Benet Catty Productions

Follies (WE 2017)

Oct 1, 2017

NT Olivier

The National Theatre is going through a phase of major stars headlining prestige shows. Their recent revival of Angels in America starring Nathan Lane, Andrew Garfield and Russell Tovey recently announced a Broadway transfer. Breaking Bad's Bryan Cranston leads a stage adaptation of the classic 1976 film Network, which also caused a box office stampede. And at Christmas John Tiffany directs the NT's first collaboration with Disney, Pinocchio.

But none will be as glamorous as this first major revival of Stephen Sondheim's 1971 musical Follies. Featuring a cast of 37 lead by the multi award-winning A-team of Phillip Quast, Janie Dee, Imelda Staunton and Tracie Bennett, plus an orchestra of 21 and a vast revolving set, Follies finally gets the London staging it deserves after three decades being seen only in concert. In the hands of director Dominic Cooke - here directing his first musical - Sondheim's problem musical seems much less of a problem than it is often perceived to be.

Follies is a show without a story so much as a premise. It's New York in 1971 and a crumbling theatre in which the great showman Weismann (read Ziegfeld) used to stage glamorous follies (revues) between the wars is to be replaced by an office block. Some of the performers who once graced its stage return for a first and last reunion in the shell of the old place. The theatre, once a palace of dreams, is now a temple of memories: a monument to what was but never will be again.
The two central couples - Buddy and Sally, and Ben and Phyllis, are having similar problems. They're no longer young but the ghosts of their former selves haunt the place, and they are now able to remember the hopes they'd long-forgotten, not least that each of them wonders if they married the wrong person.

Director Dominic Cooke's big idea is to have the younger selves of the reuniting stars - not just the central four but all of them - shadowed by their younger selves. Literally and metaphorically their younger lives weave in and out of the their present-day agonies, haunting not just themselves but each other. Each of them variously interacts with the person they loved then, who is not the same person they love now. The women recreate a dance they knew decades before and, in one of the show's greatest moments, dance in a chorus line with their younger selves.

James Goldman's book, like the follies it explores, has a tendency towards pith in its fragmentary conversations but, as performed on Bunny Christie's constantly revolving set, there's an easy fluidity to it. It has a wise cracking New York swagger laid over the top of its elegiac tone.

The wonder of Sondheim's score lies in its mix of book numbers - songs in which the character sings their thoughts as they might otherwise express them in speech - which follow the rhythms of speech, and show songs written in the styles of the times without pastiching them. The classic Broadway Baby (the end of which was met with the guttural roar of a football crowd) is an archetypal Broadway show tune; Losing My Mind is a torch song that could have been written by Howard Arlen. I'm Still Here echoes Kander and Ebb.

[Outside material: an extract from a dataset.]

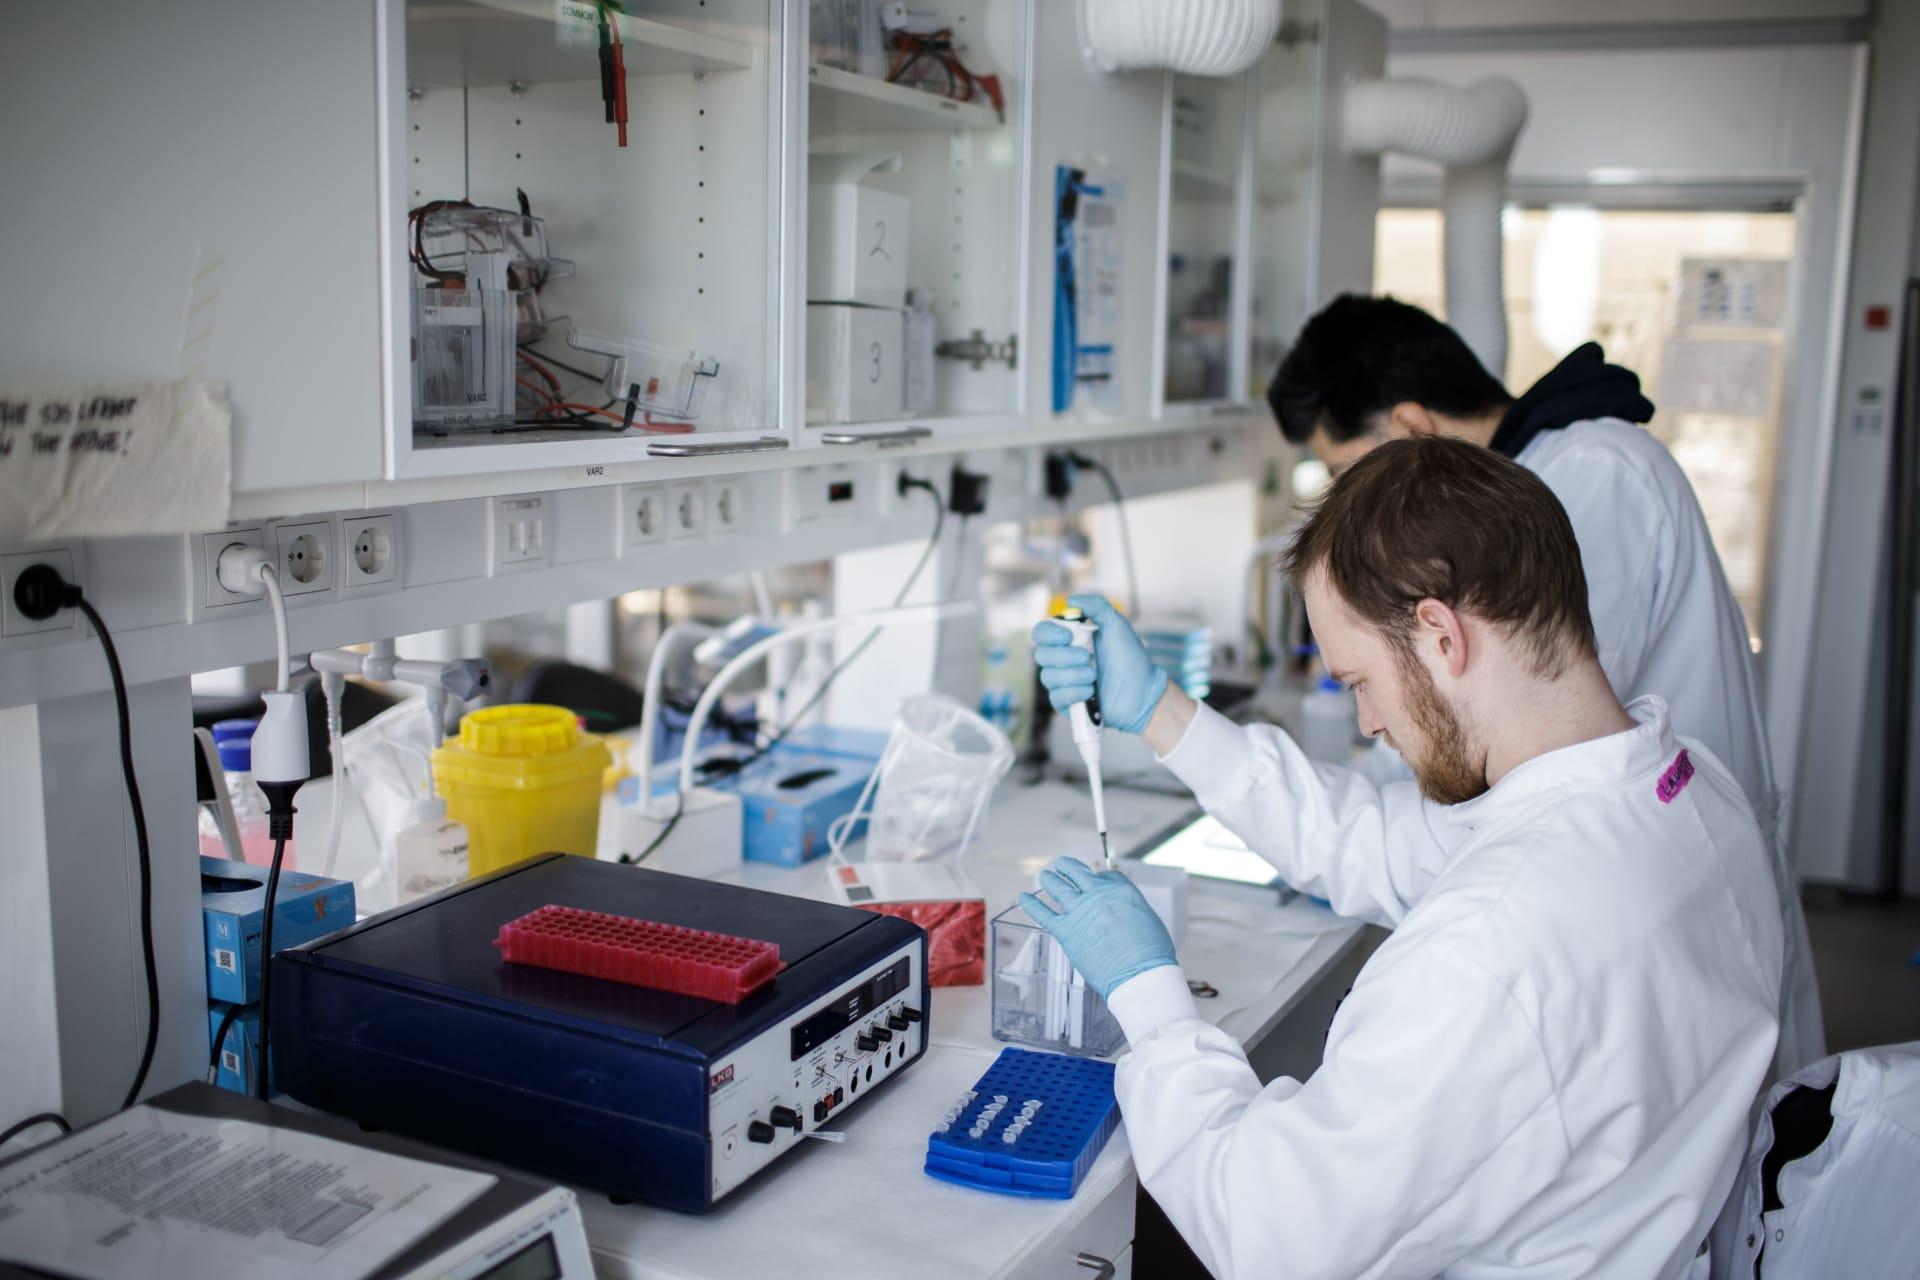 ماذا يحدث إذا لم يتم تطوير لقاح لفيروس كورونا؟ لقد حدث ذلك من قبل

For all the showbiz that Follies celebrates and desecrates, it's a mature musical about maturity - looking back and wondering, as one song says, about "the road we didn't take", regretting life not being as we hoped it would be when we were too young to know what it could be. And you don't need to be old or artsy to connect with that. The scene in which Quast and Staunton explore what they nearly had, including the gorgeous ballad "Too Many Mornings", is as moving a scene as I've seen in any musical in a long time.

Some shows one should see because they will not be revived again for another 25 years. Others one should see because they will never be staged better. Follies is both. It's a real 'one of a kind' musical - not Sondheim's most accessible, successful or famous. But, as demonstrated sensationally by Dominic Cooke and his cast, it's still here.

Follies will be broadcast to cinemas by NT Live on Thursday 16th November.